There’s an epidemic that’s got the world paralyzed. You can’t see it on the surface. People go about their business seemingly happy. They dress for success and practice self-care like they mean it. But underneath many many people are suffering from an affliction of their souls which they hide rather well. They live for the acceptance of others.

 

We’re so afraid of what others might think that we no longer know we are. It just is part of our logical daily equation. We must have this or that because that’s what we do. Drive cars, wear clothing, and join sporting activities others would approve of because that’s what we do. We fear others’ disapproval. Our fear makes us jump through our daily hoops. And that’s the norm.

 

We are sure we know what others are thinking!  Our choices are based on what we think others will and do think of us. The truth is that we will never really know what others are thinking. Our families maybe sometimes. But the general public? We can not assume to know what they think. Because ironically, they may be too worried what we are thinking about them to care to think about us. We all believe ourselves to be mind-readers. As if that’s normal.

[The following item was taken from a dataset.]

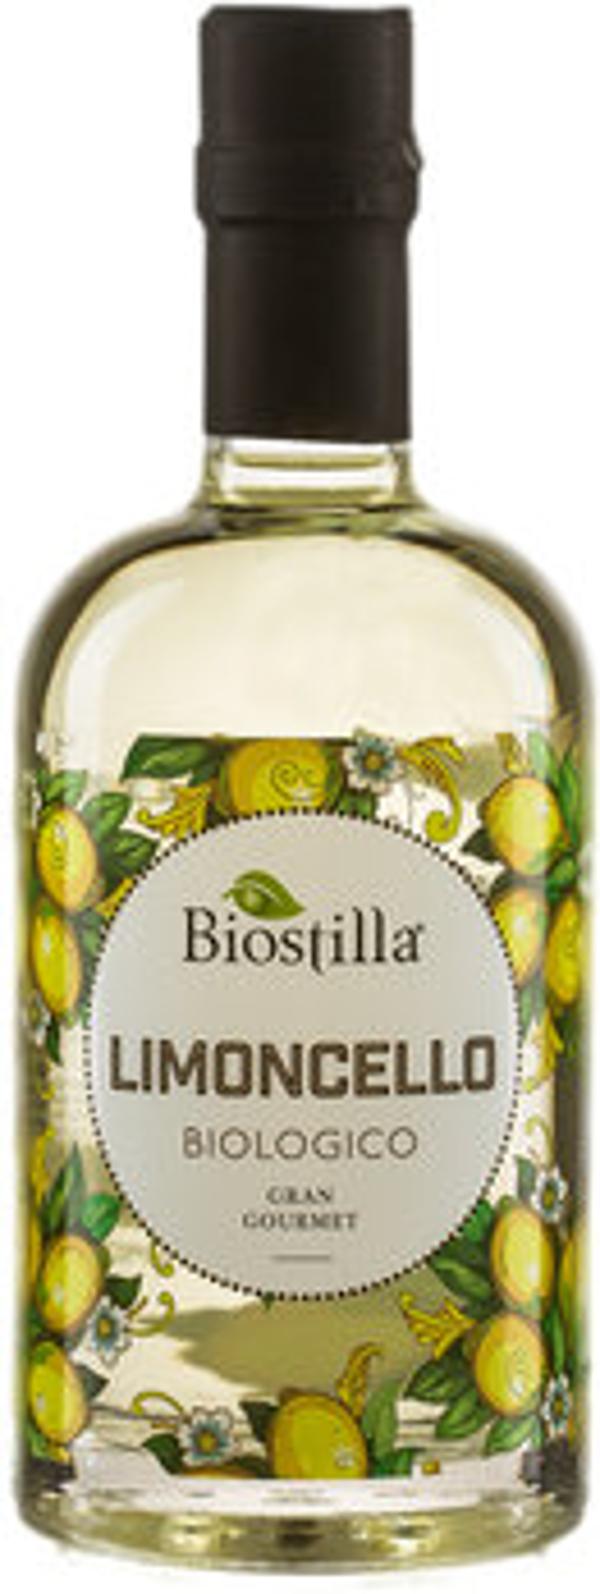 Produktfoto zu Limoncello Biostilla Walcher 0,5l

The Number One Fear You're Basing Your Choices On on Shalavee.com

What if we made decisions instead on what we liked and what we wanted? What if we assumed we were well-liked, or perhaps didn’t care what people thought, and went from there. If we decorated our houses, our bodies, and thoughts with the stuff we really like ourselves. How inspiring we would be to all the other people in the world if we showed them what individuality means.

 

The only way to know what I think of you is to ask me. And even then I may not want you to dislike me so I may lie.

As I always say, let them think what they want, I just never need to know.

 

And If you enjoyed what you read, subscribe, via the subscription box in the sidebar, to my thrice weekly posts via your email box. And visit me on Instagram to see my daily pictures, friend me or like my page on Facebook. Or come find me on Twitter or Pinterest too. I am always practicing Intentional In-touchness so chat at me please. I live for conversations.

And, as always, Thanks to you for your visit.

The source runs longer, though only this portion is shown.